*RECORDS TO PROCESS*.
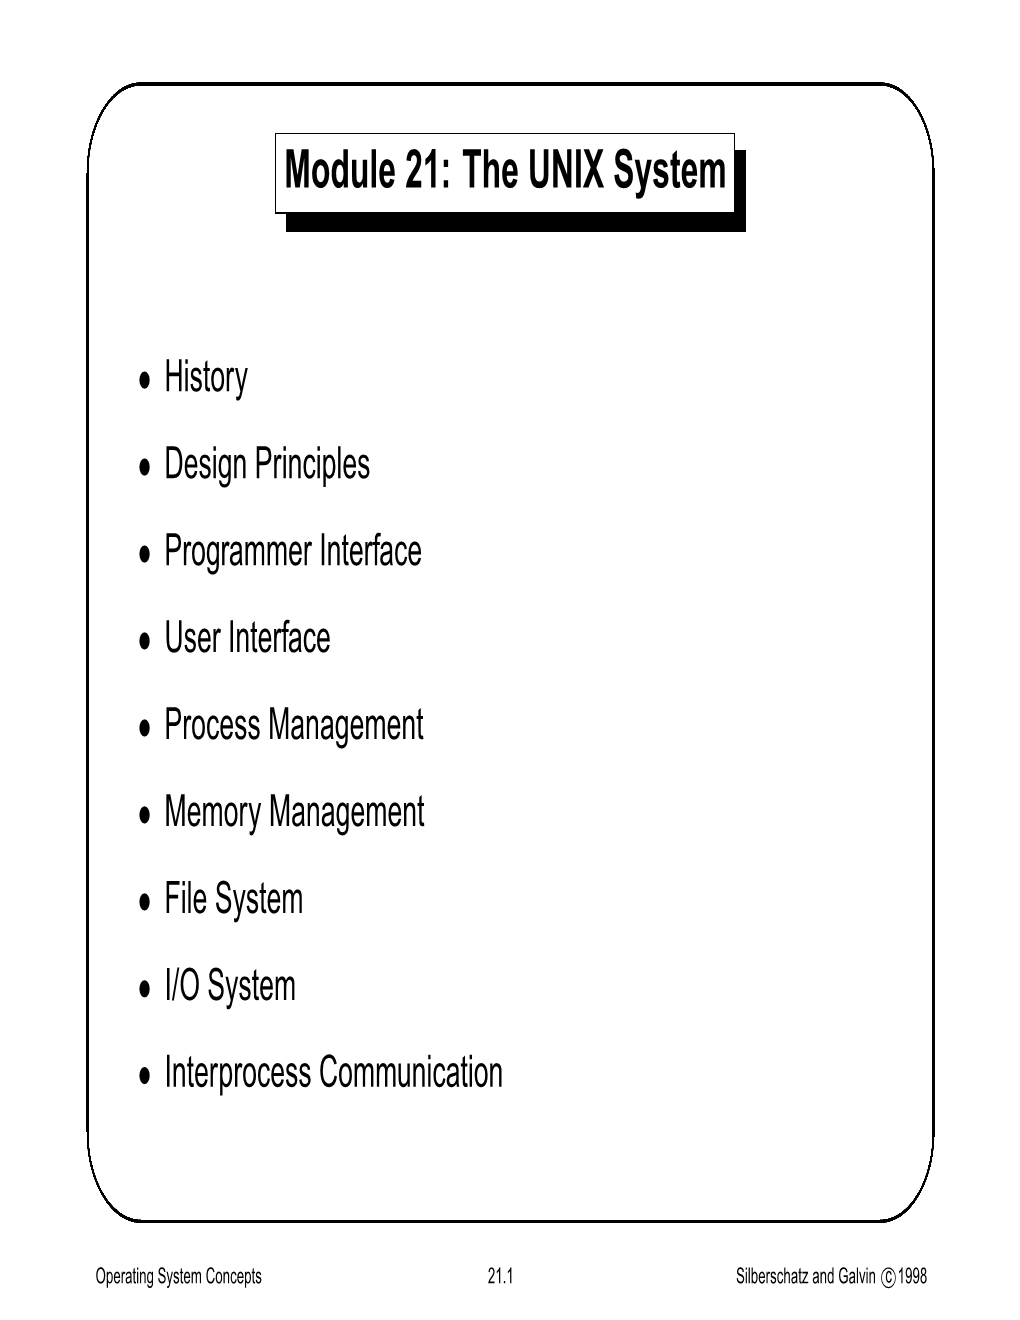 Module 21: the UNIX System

* * *

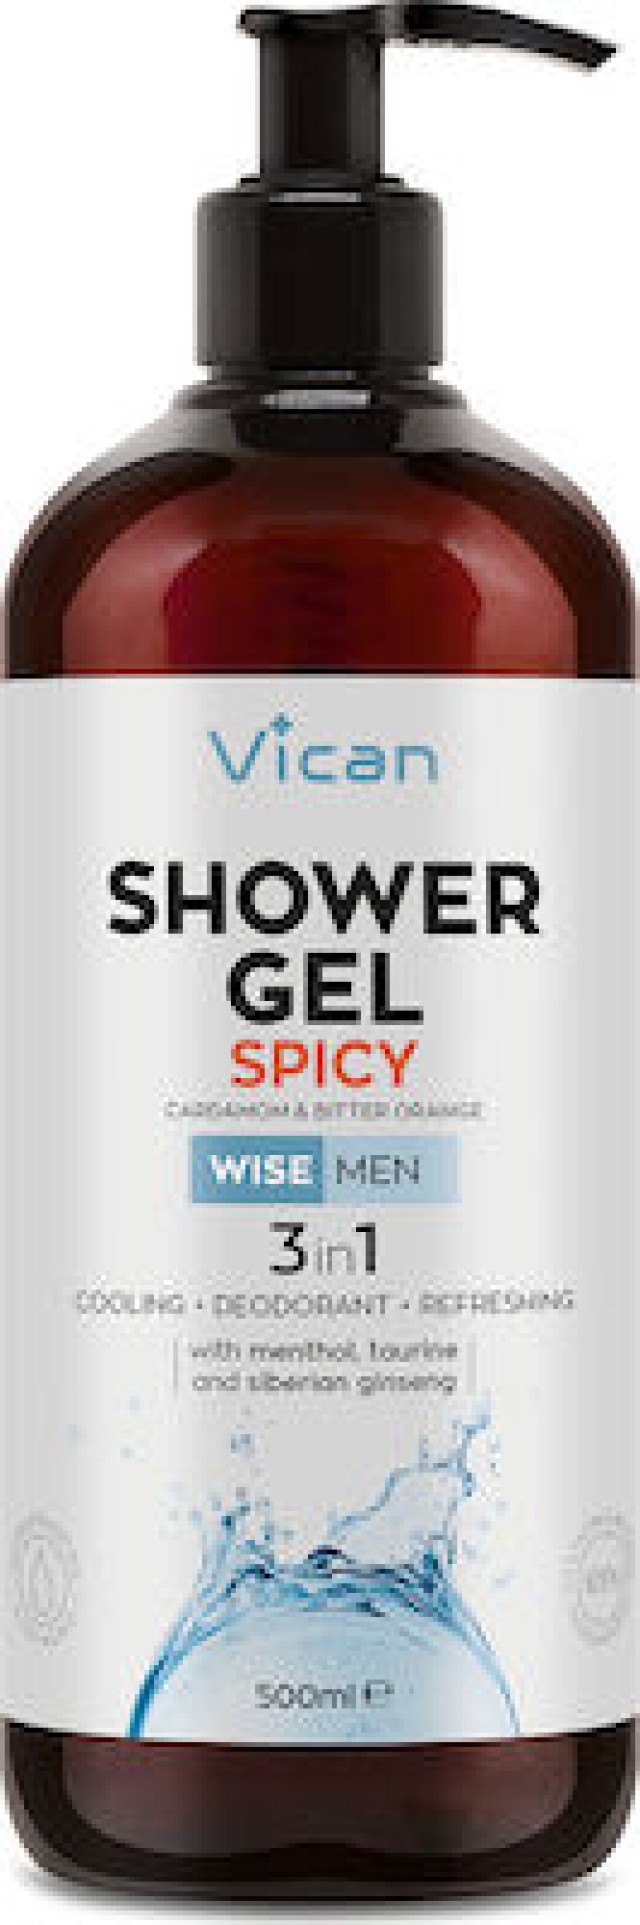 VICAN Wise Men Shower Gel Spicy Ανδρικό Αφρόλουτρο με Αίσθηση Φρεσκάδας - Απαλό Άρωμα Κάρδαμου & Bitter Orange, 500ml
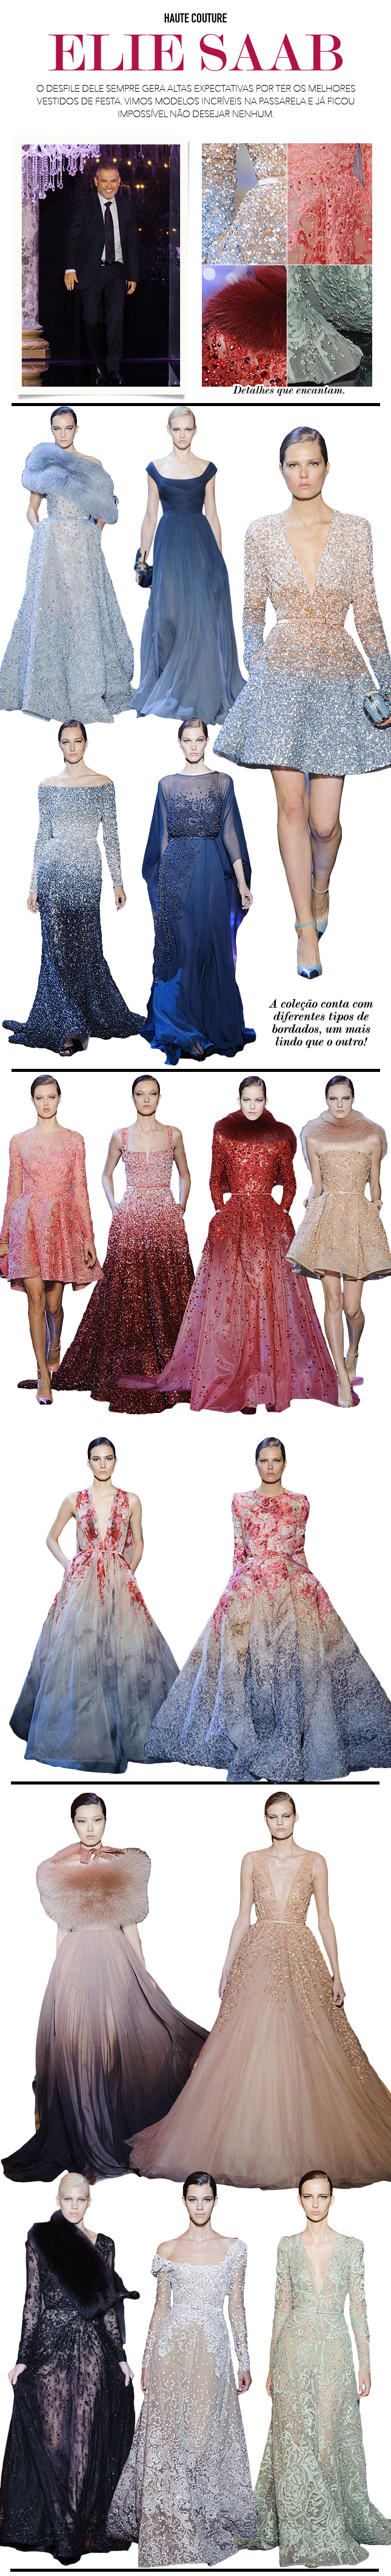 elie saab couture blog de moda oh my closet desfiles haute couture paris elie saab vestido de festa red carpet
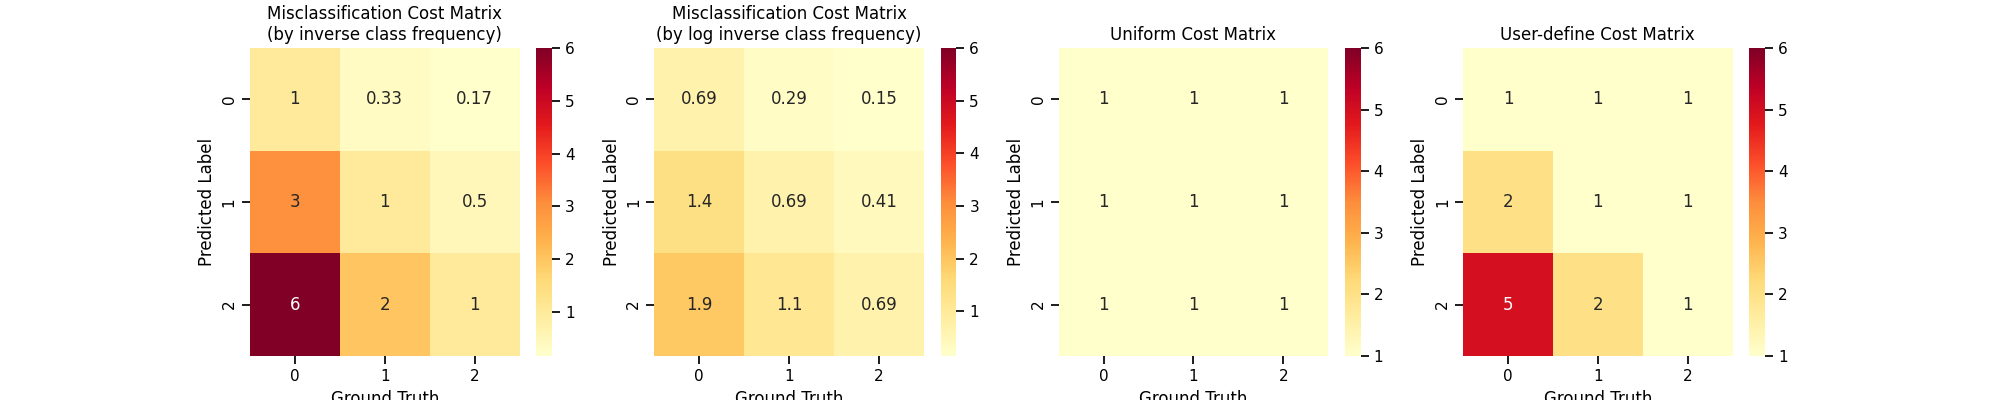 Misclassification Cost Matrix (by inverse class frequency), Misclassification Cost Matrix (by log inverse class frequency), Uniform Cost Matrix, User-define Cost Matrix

*THE PROBLEM*. Begin at the line in the entries above that has "VICAN Wise Men", stop after the line that has "elie saab couture", and output exactly those lines without pictures.

*SOLUTION TO THIS TASK*.
 VICAN Wise Men Shower Gel Spicy Ανδρικό Αφρόλουτρο με Αίσθηση Φρεσκάδας - Απαλό Άρωμα Κάρδαμου & Bitter Orange, 500ml
 elie saab couture blog de moda oh my closet desfiles haute couture paris elie saab vestido de festa red carpet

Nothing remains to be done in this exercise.